Aurelien Meunier | PSG | Getty Images

Today, Larry Miller is the chairman of Nike's Jordan Brand. He spent decades rising up the ranks at companies like Campbell Soup, Kraft Foods and the NBA's Portland Trail Blazers.

The whole time, he kept a dark secret: In 1965, at age 16, Miller pleaded guilty to the second-degree murder of another teenager in Philadelphia, serving four and a half years in prison. Shortly after, he served another five for a series of armed robberies.

Miller was publicly identified in the Philadelphia Daily News after pleading guilty to the murder charge, according to research conducted by Sports Illustrated, but nobody seemed to notice as he entered and progressed through the corporate world. It stayed that way until October, when he and his daughter Laila Lacy announced they were co-writing and publishing a tell-all memoir, "Jump: My Secret Journey From the Streets to the Boardroom."

The memoir published last month — and writing it was freeing, Miller told Sports Illustrated in October. More importantly, he said: He hoped it could prove that formerly incarcerated people are capable of rehabilitation and success.

"It's really about making sure that people understand that formerly incarcerated people can make a contribution," Miller said. "And that person's mistake, or the worst mistake that they make in their life, shouldn't control what happens with the rest of [their] life."

Miller, now in his 70s, added that "some of the most creative, intelligent, smart people" he has met were in prison. All of their talents and abilities were "being wasted inside the jails," he said.

While incarcerated, Miller pursued an education using Pell grants available to inmates. Then, he attended college through a day-release program. On Sunday, he told CNN that the experience "made me start to believe that I could actually change my life."

Around the same time as his release, he graduated from Temple University at age 30. He was an interview away from landing a position at a major accounting firm when he decided to disclose his criminal background. He didn't get the job, and spent the rest of his career hiding his previous incarceration.
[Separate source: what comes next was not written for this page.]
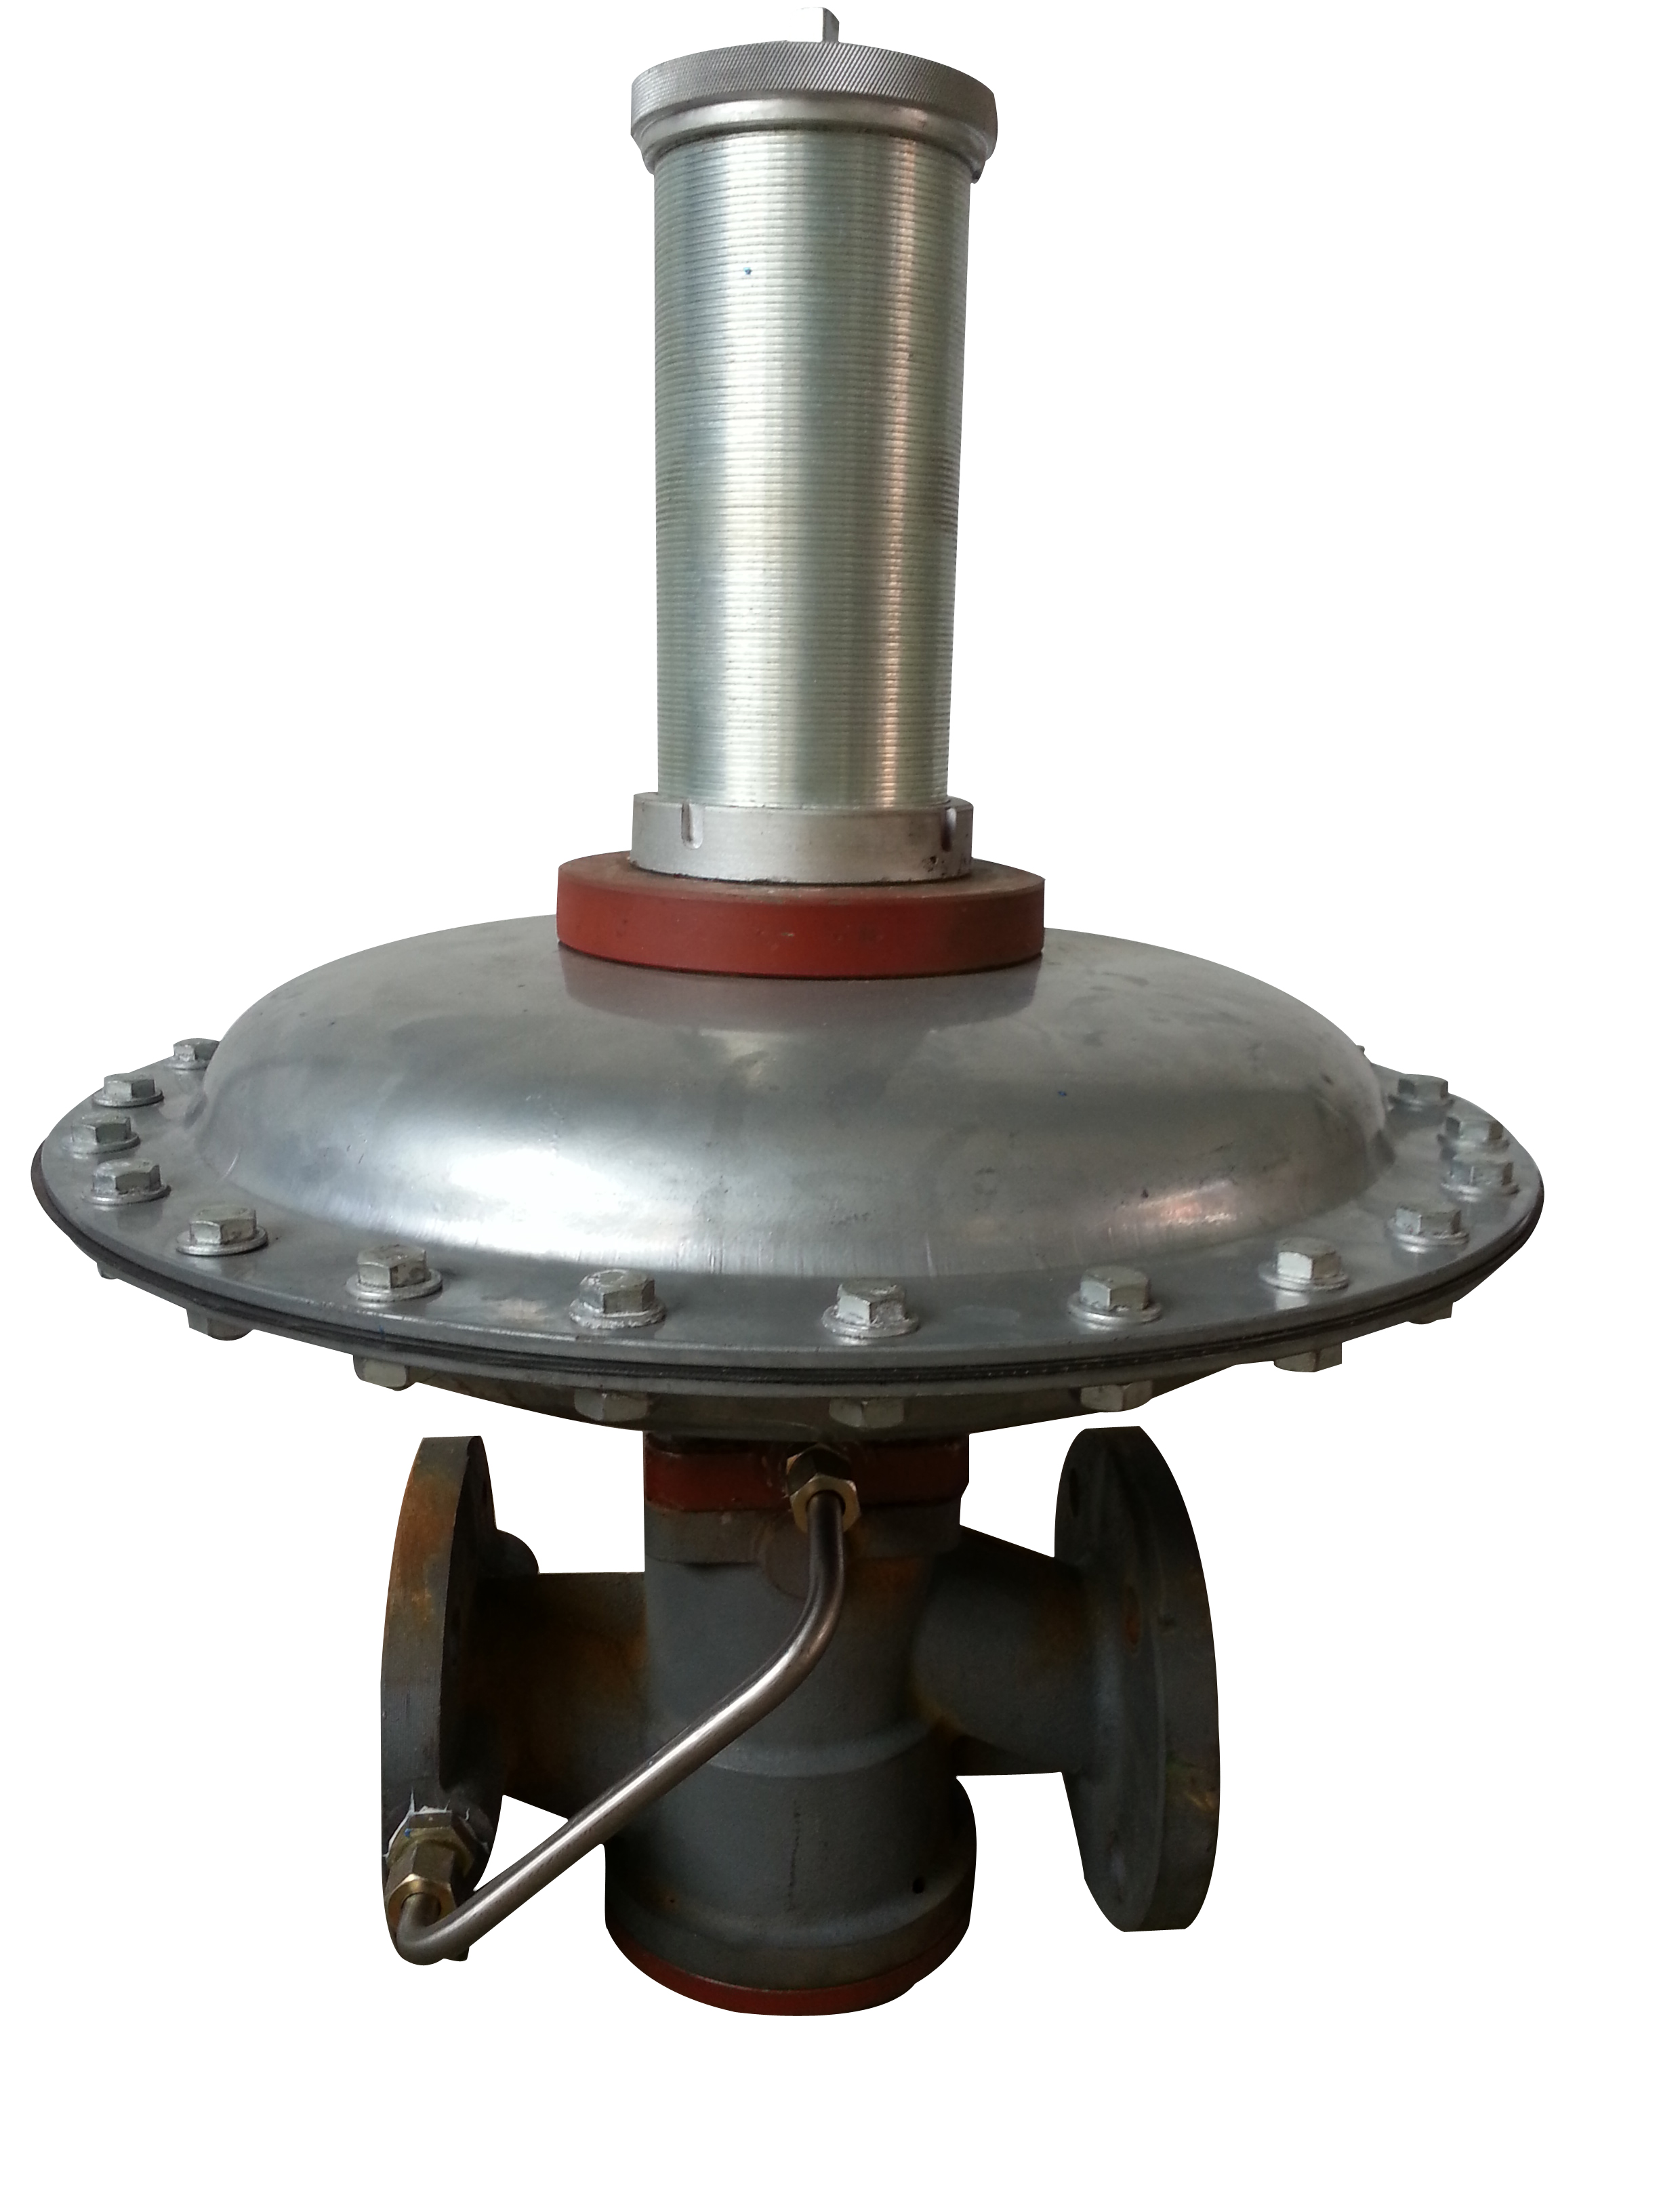 调压器 调压设备 供应燃气调压箱 调压器供应商   RTZ-*/0.4A型燃气调压器图片

Miller told Sports Illustrated he never lied on an application, but could usually find loopholes. Most applications only asked if he'd been convicted in the prior five years, he said. But as he became more successful, he started suffering migraine headaches and nightmares.

"There was always this tension and this fear that somehow this is going to come out, and it's going to ruin everything I've built up to this point," he told CNN.

Lacy told Sports Illustrated that she spent years encouraging Miller to break that tension by writing the book. And Miller said he consulted with a close circle of friends and colleagues, including NBA legend Michael Jordan and Nike co-founder Phil Knight, before deciding to do it.

Ahead of the book's release, some controversy did erupt: The family of the teenager Miller killed in 1965 felt blindsided, especially when the Sports Illustrated article publicly named the victim, then-18-year-old Edward White.

In December, Miller met with White's sister, Barbara Mack, and his two children, Hasan Adams and Azizah Arline. Mack and Adams told the New York Times they could forgive Miller. Arline said she needed more time.

According to the Times, Miller in is discussions with the family to establish a scholarship foundation, funded in perpetuity, to help White's descendants — and potentially others, too — attend college or trade school.

"If nothing else comes out of this book … the most important thing for me is to be able to know that in spite of the pain and hurt I caused their family, that they're willing to forgive me," Miller told CNBC's "The News with Shepard Smith" last month.